[AVA]http://s7.uploads.ru/iGnTf.jpg[/AVA]
I hear your selfish words
Whispers of support
Муторный, полный тревог день они проводят в доме Чие-баа-сама и Эбизо-одзи-сама, выслушивая тонны старческих ругательств и проклятий в адрес нынешних представителей власти и их решений, направленных против родного селения (по авторитетному мнению неугомонной Старейшины).
− Бедный ребенок, - когда Чие-баа-сама уставала поносить нынешний Совет и шпынять между делом Канкуро, она подходила к все еще бессознательному Гааре и начинала, горестно хмурясь, скрипеть над ним, нервно растирая старческие пальцы, будто не решаясь на что-то очень важное. Темари первое время постоянно встревоженно поднималась с одной из лежанок, оборудованных в подвале дома, где, собственно, и ютились все трое, но через четыре часа подобной физкультуры смирилась, списав все на старческую придурь. Несмотря на это, отдохнуть перед марш-броском через пустыню ей толком не удалось, но с этим уже ничего нельзя было поделать. Каждый раз, когда ей удавалось задремать, перед глазами разворачивались сценарии их поимки и красочные, безнадежные бои, кончающихся одинаково – воздух дрожал от безумного смеха Шукаку, огромная туша которого сминала песок и закрывала собой солнце и небо, а злобные глаза находили ее сквозь бури песка, смотрели будто бы в самую душу. Хохоча в своем визгливом сумасшествии, биджу разрывал их тела, глумился и проглатывал, и все это под аккомпанемент яростного свиста бури. Нет, Темари не могла выспаться и последние часы только лишь наблюдала за тем, как время от времени к брату подходит странно-спокойная Чие-баа-сама и, виновато сморщившись, замирает над ним, каждый раз протягивая пальцы к его голове и не решаясь коснуться бледной кожи. И только за час до выхода, когда разбудили Канкуро, и вернулся с новостями Баки, Старейшина метнулась к Гааре в последний раз, и, зажмурившись, сомкнула вялые ладони на его голове. Кисти обволокло зеленой чакрой исцеления, и вот тогда Темари резко села на лежанке, с тревогой уставившись на происходящее.

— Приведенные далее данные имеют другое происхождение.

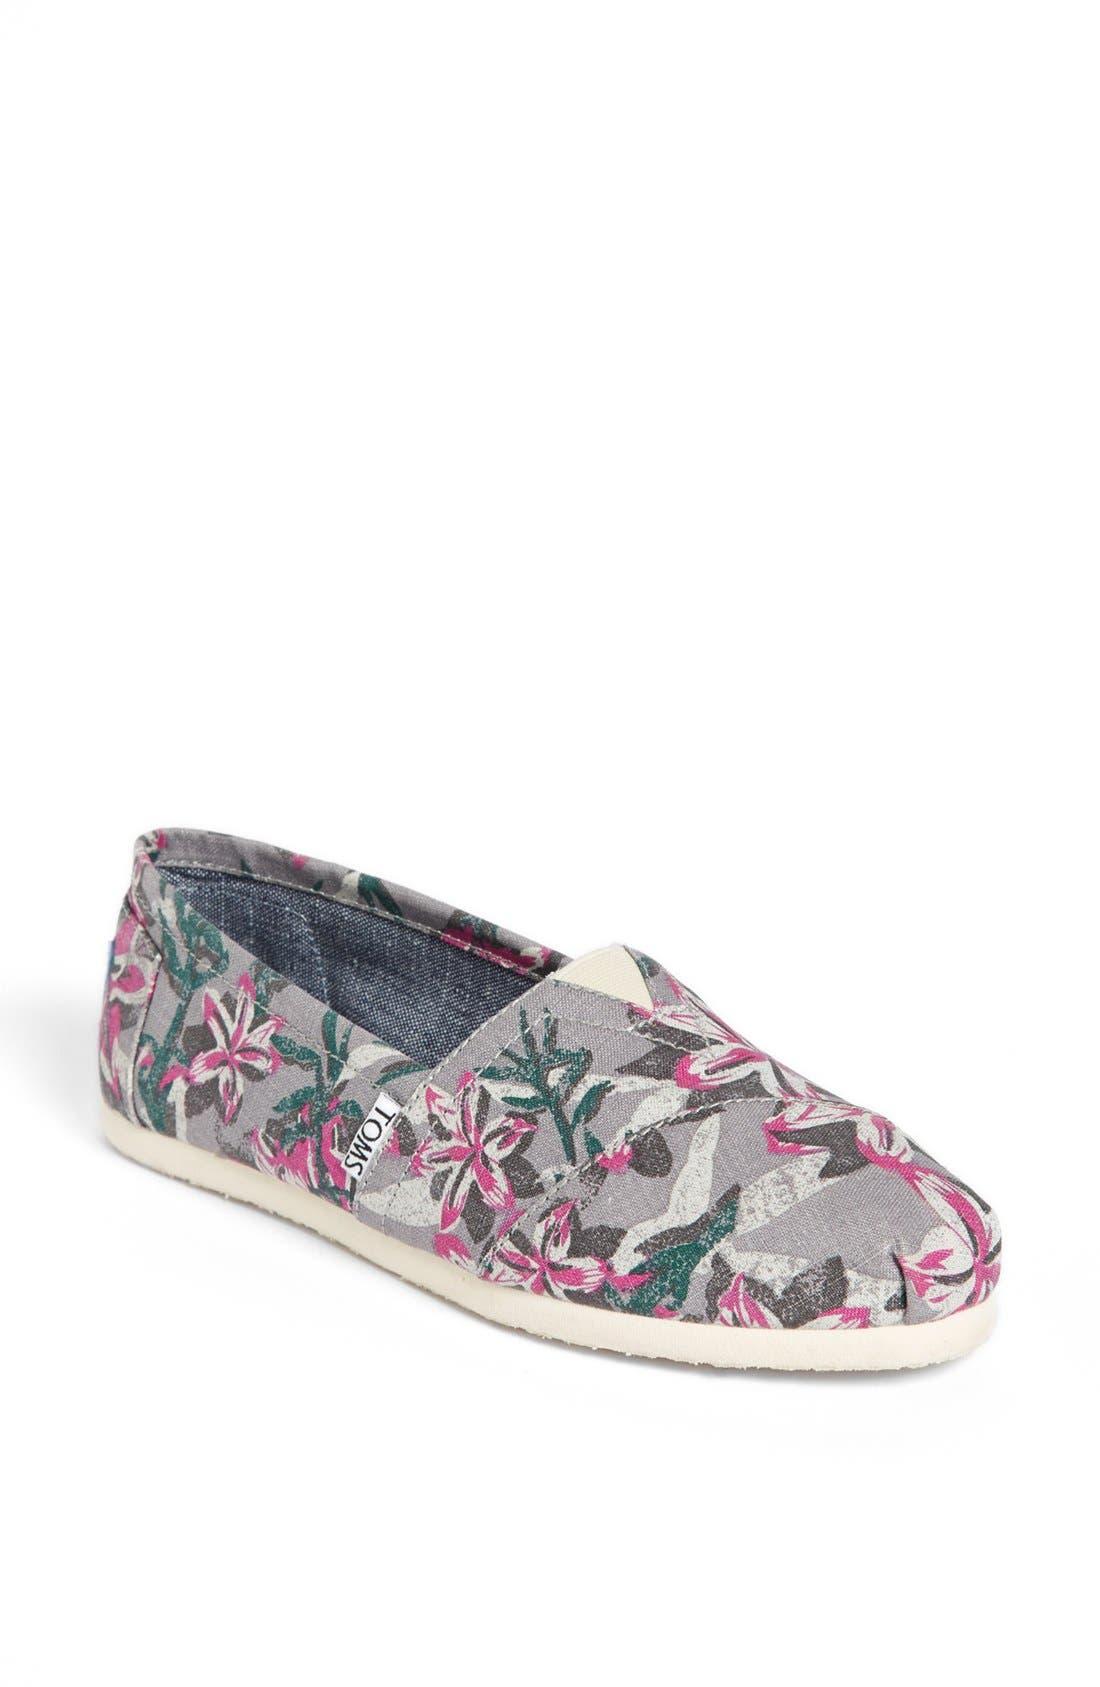 Main Image - TOMS 'Classic - Grey Floral' Vegan Slip-On (Women)

− Бедный, бедный мальчик, - горестно проскрипела Чие-баа-сама, и, заметив ее тревогу, ядовито добавила, − Я стараюсь ему помочь, дурында, не бойся. Кое-что подлатать могу, но не его разум. Это уже на вашей совести...Тебя и этого болвана! – не отрываясь от лечения, рявкнула она в сторону Канкуро. Темари молча переглянулась с братом, пожала плечами и отвернулась, предпочитая заняться недолгими сборами. Бабуля Чие была, конечно, личностью сумасбродной, но как медик легендарной не менее, нежели «Цунаде-химе», и ей она могла доверить заботу о Гааре такого рода. К тому же, глубоко в душе, она надеялась, что умения старой куноичи позволят исправить последствия боя и нивелируют произошедшие отклонения от нормы в работе его мозга. Возможно, она сможет сделать больше, чем ирьенины больницы, Темари хотелось на это надеяться, и она надеялась, тщательно закрепляя на теле подобранную амуницию.
Наконец, исцеляющая чакра исчезла, Чие ласково огладила лоб джинчуурики и под аккомпанемент совсем уж невнятных бормотаний словно в быстром массаже прошлась руками по всему его телу.

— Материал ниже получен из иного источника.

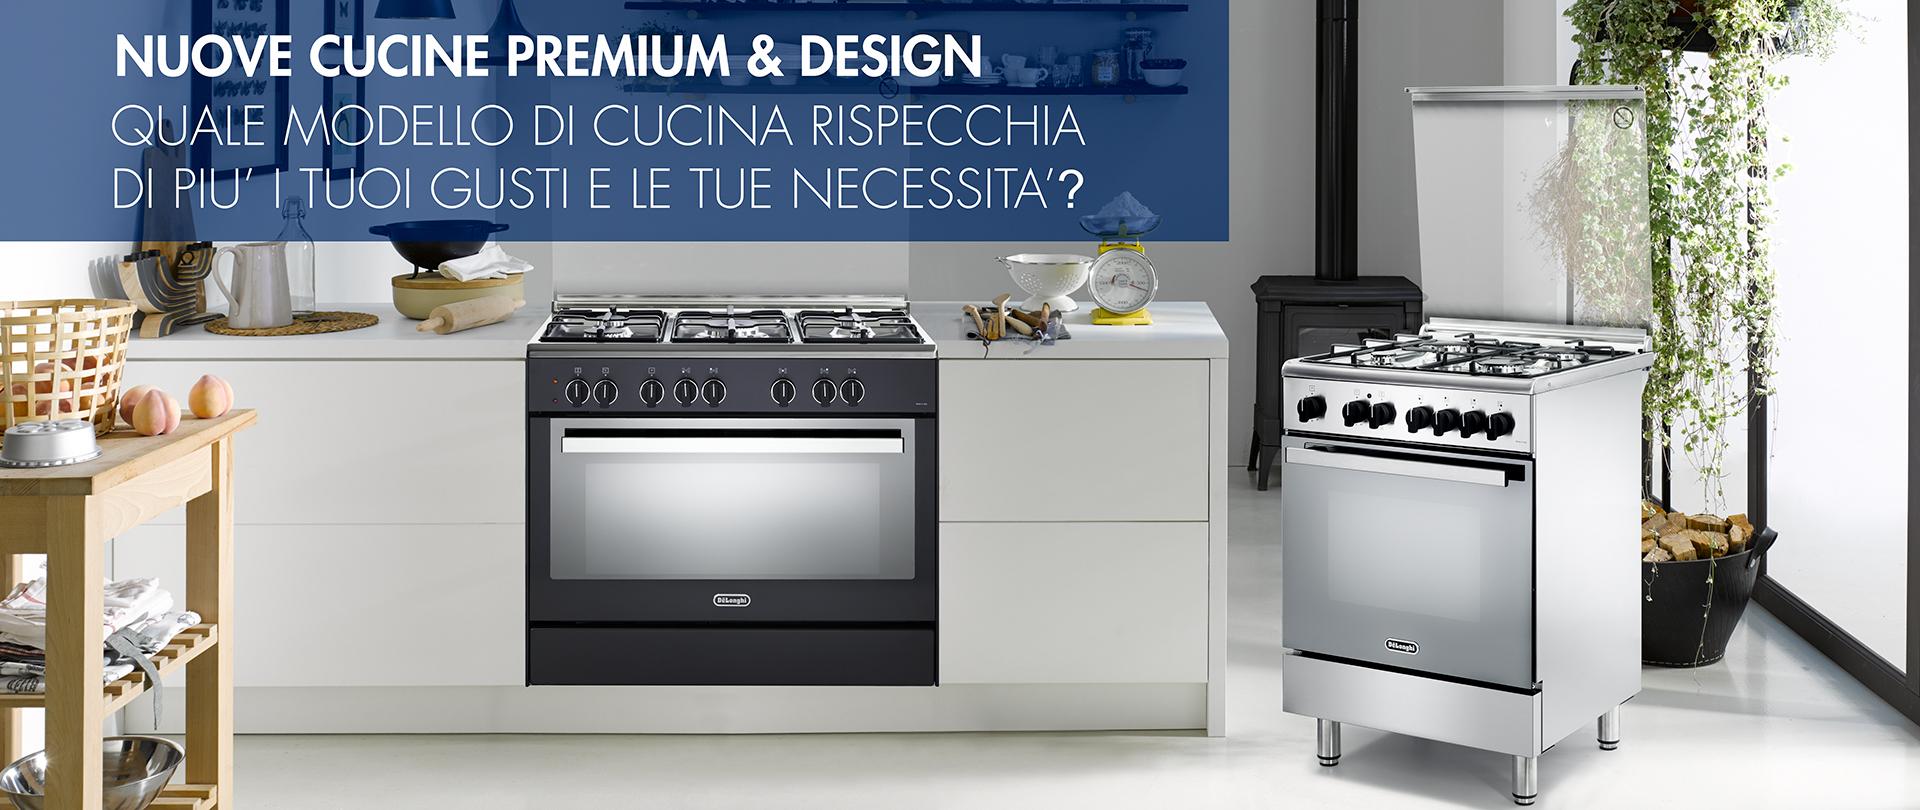 Nuove cucine Premium e Design

− Вставай, молодой Каге, - с довольным выражением лица позвала она, отступая от джинчуурики. Затягивающий ремешки Канкуро поднял голову и уставился на Старейшину, собираясь уже что-то сказать, как Гаара действительно дрогнул, приковывая к себе взгляды всех присутствующих. Затрепетали темные веки, поднялась грудь в глубоком вдохе, шевельнулись руки. Опираясь на локоть, он начал приподниматься, и Темари практически пришла ему на помощь, если бы не перехватившись ее кукловод, недовольно смотрящий на Чие.

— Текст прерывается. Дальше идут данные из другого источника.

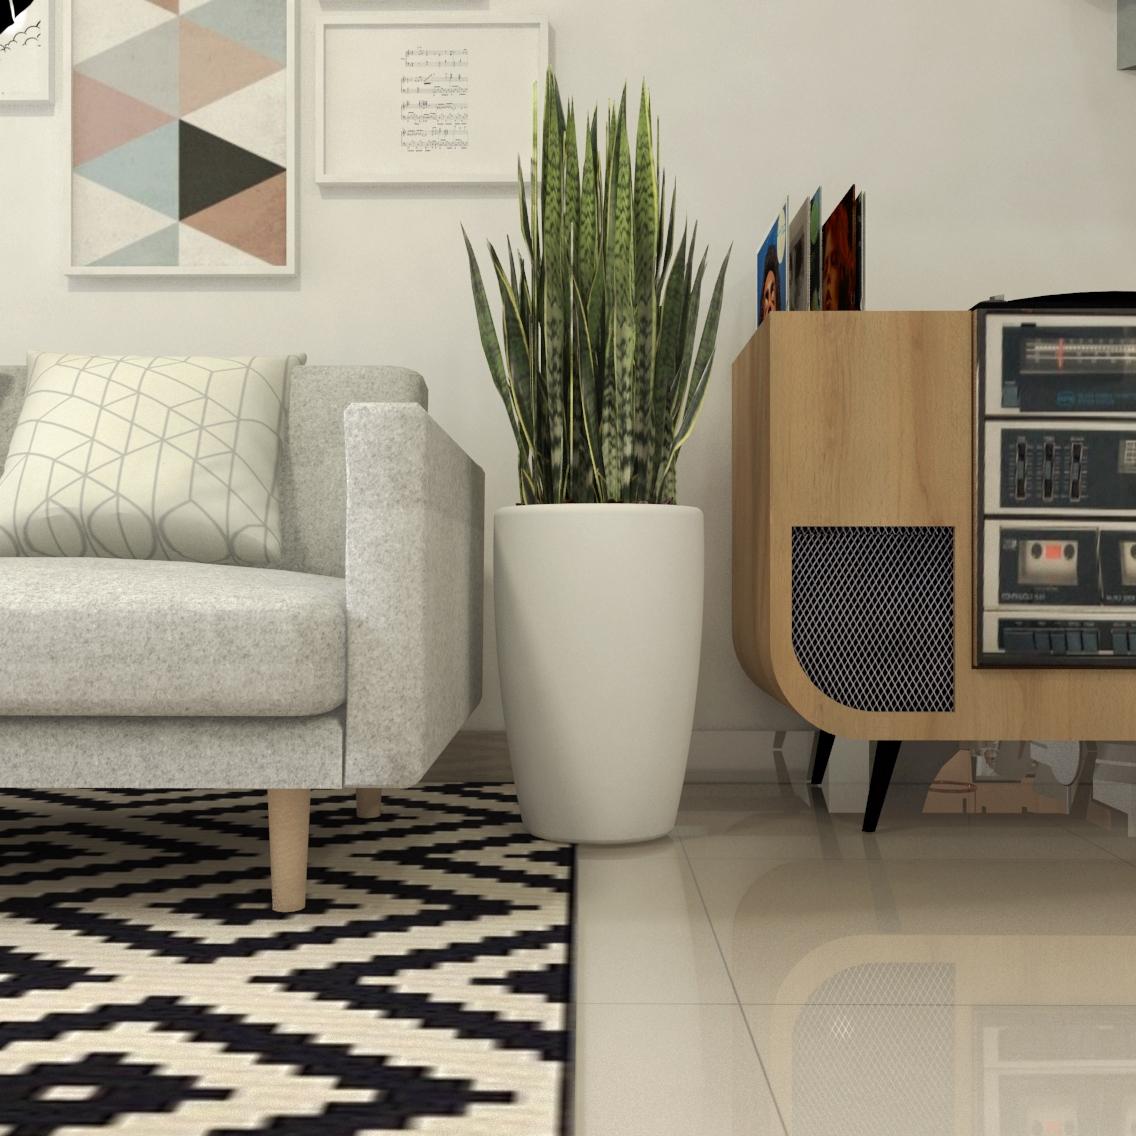 Sala de estar moderna - Projeto por Estúdio Murilo Zadulski Interiores - 02

− Чие-баа-сама, - укоризненно выдохнула Темари, замирая возле брата. Старейшина же разразилась проказливым, по-старчески дребезжащим смехом, поднимая кисти выше и демонстрируя едва заметные на кончиках растопыренных пальцев нити чакры.
− Попалась! – Чие снова засмеялась, откидывая голову назад, в полной мере наслаждаясь своей шалостью, совершено показушно шевеля пальцами у них на виду. Несмотря на ее веселье, Гаара, повинуясь этим небрежным движениям, поднялся с места настолько естественно, что в его бессознательность было сложно поверить.
Если бы только не его глаза. Черные веки действительно были открыты, но на мир смотрели пустые, чуть красноватые белки, ведь, на самом деле, он по-прежнему пребывал в обморочном сне. Темари неосознанно сильно сжала руку Канкуро, молча глядя на джинчуурики. Нити, управляющие ее младшим братом, были неразличимы, и казалось, что он просто стоит посреди комнаты, как бывало стоял прежде в приступе лунатизма. Пугающее зрелище.
− А как вы думали его тащить, балбесины? – противный смех Старейшины ненадолго сменился вкрадчивым ворчливым голосом. − Через всю Суну на собственном горбу? – она снова насмешливо захихикала, тем временем вынуждая джинчуурики словно бы репетировать грузную походку, шаркая ногами по полу и немного согнувшись в спине.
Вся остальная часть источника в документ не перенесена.